The new Helix One Mk 3 ($100,000) and Helix Two Mk 3 ($58,500) are upgradable from the Mk 1 through to the Mk 2 and Mk 3 of each. The Helix Two Mk 3 ($58,500) has the “full suite of the technology” reduced to a smaller physical footprint, with a facility for one arm only (compared to the Helix One’s two armboards) and a smaller chassis to suit smaller living areas.
The Helix is a laboratory-grade instrument in a field of sophisticated ornaments, and is a supremely neutral platform from which to launch a hi-fi system of the highest calibre.
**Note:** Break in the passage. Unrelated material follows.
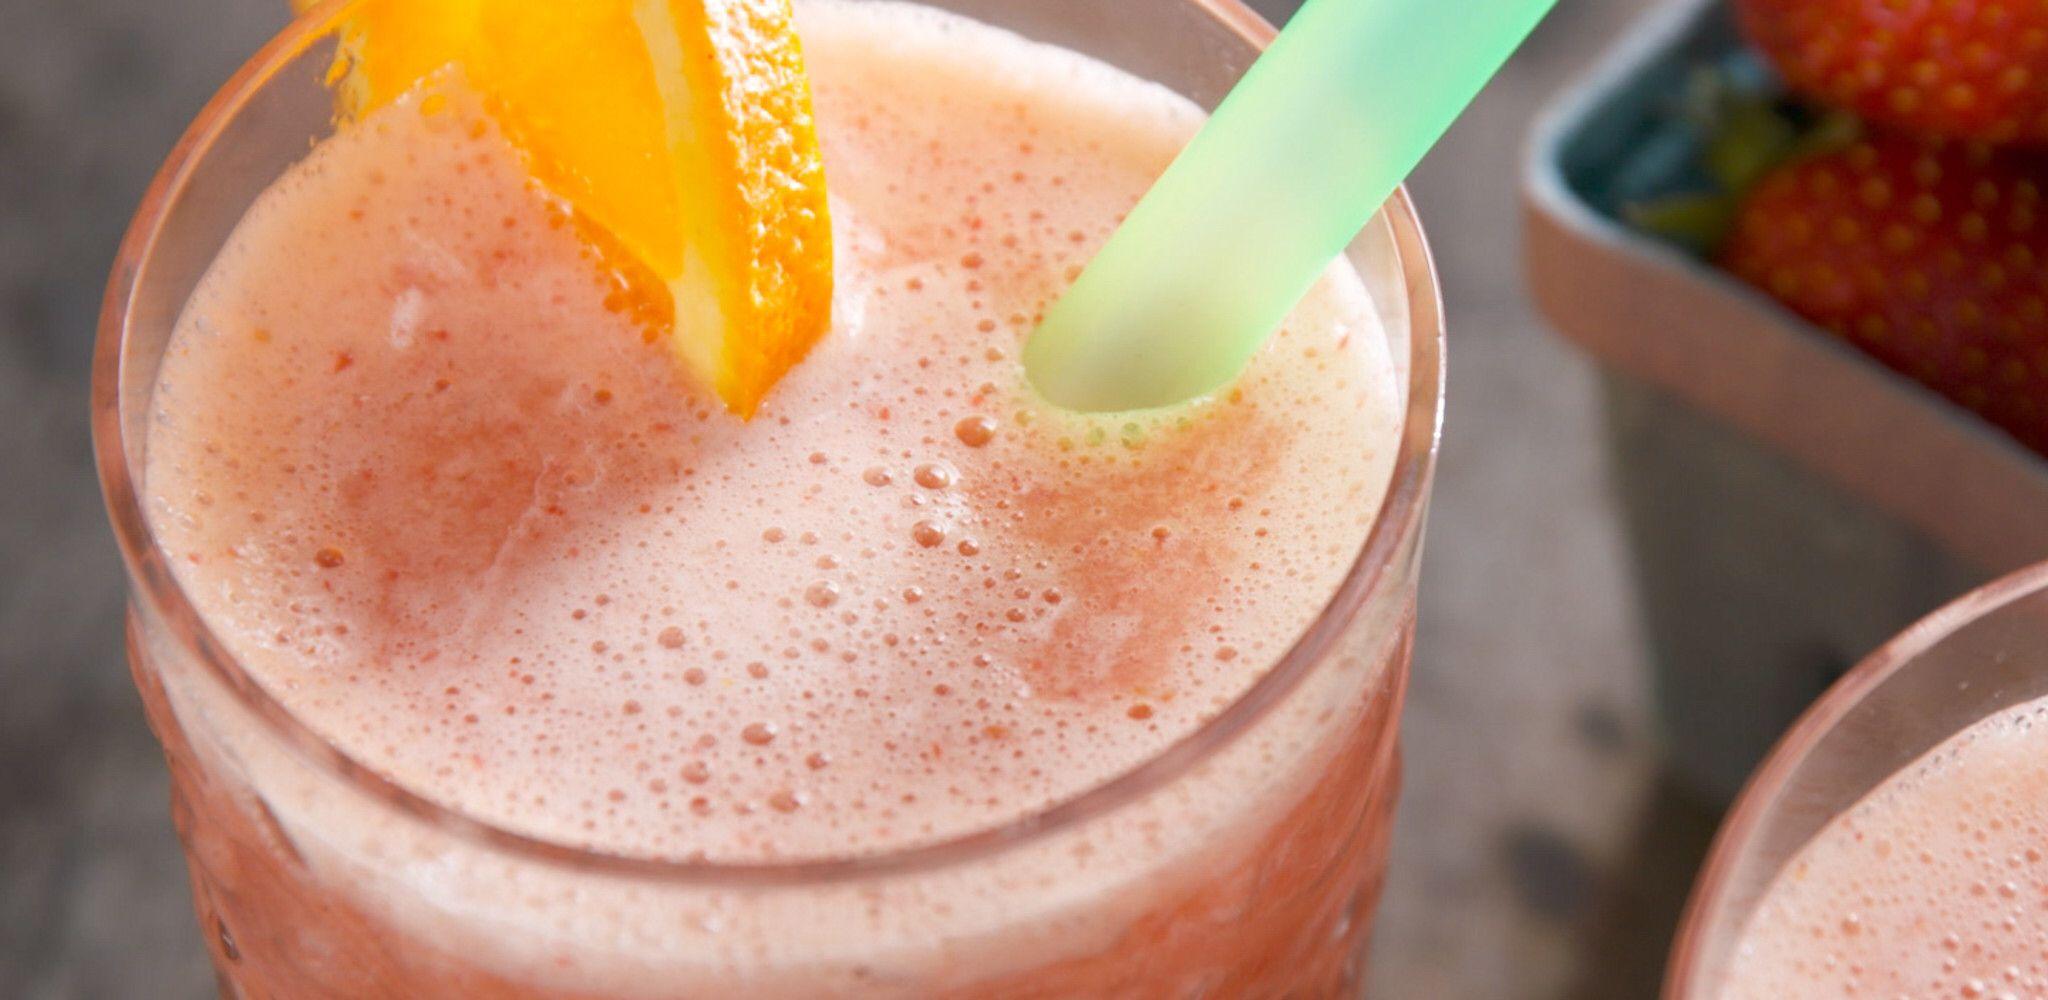 Strawberry OJ Recipe in 2020 Food network recipes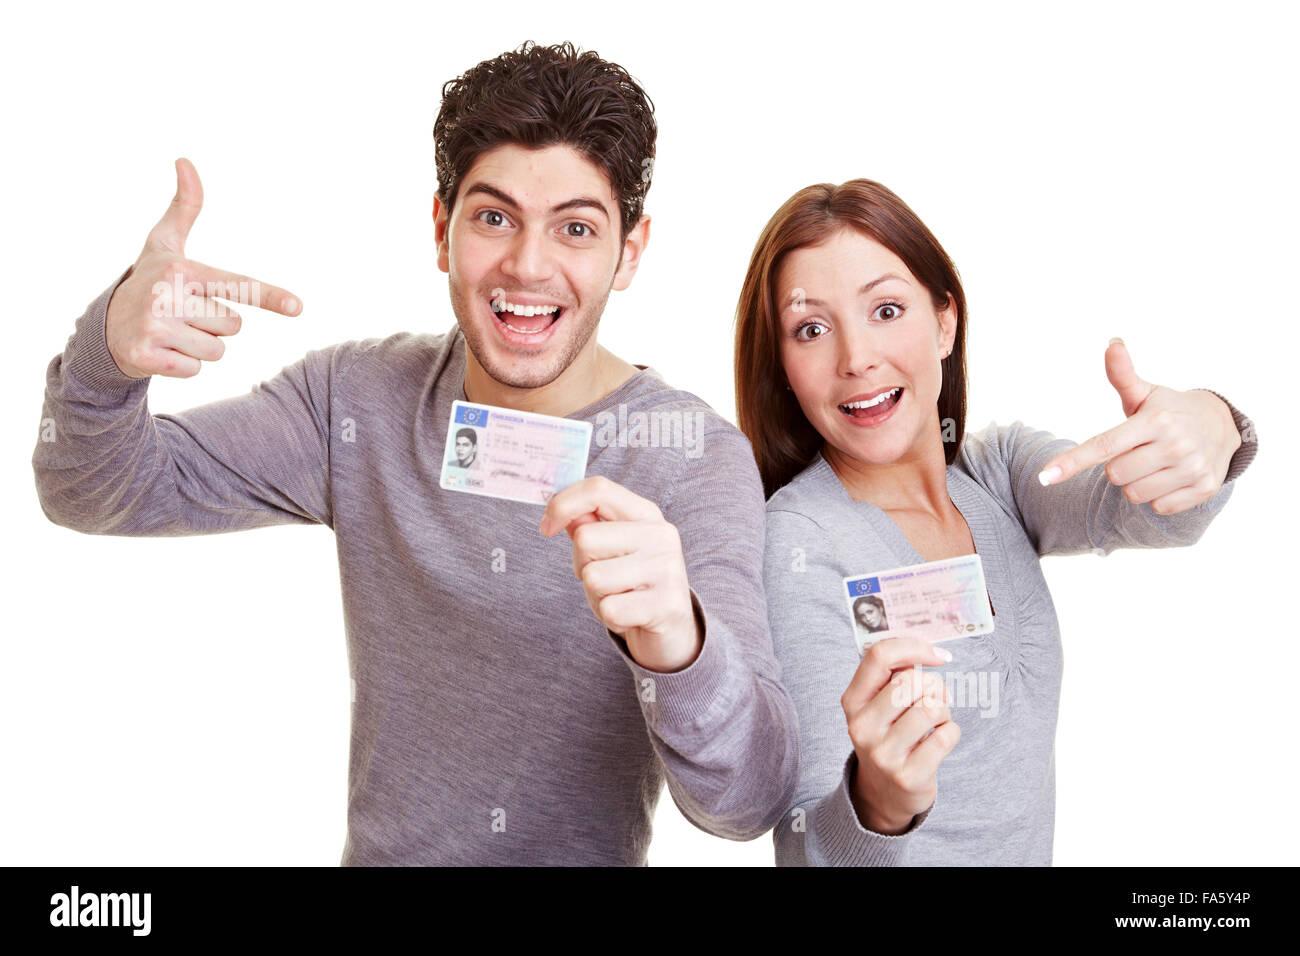 Dos adolescentes feliz señalando su permiso de conducción europeo Imagen De Stock

Its Döhmann motor is an exemplary high-torque design, with a platter controlled by a motor closed loop servo located in the base. It monitors and calibrates speed more than 130,000 times a second. The motor and platter bearing are on separate interlocking plates, while the armboard consists of a new energy-diffusing composite material. A new stabilizer minimises bounce back when changing records. The core of the Helix is the MinusK isolation system, a spring-loaded mechanical device at the heart of the unit.
Since moving the operation to Australia from Europe, all Helix models have serial number control, stricter quality check processes, a verification video of the finished assembled product before issue; plus packaging details, batch control, each part traced to plating and machinery shops locally, dated and registered.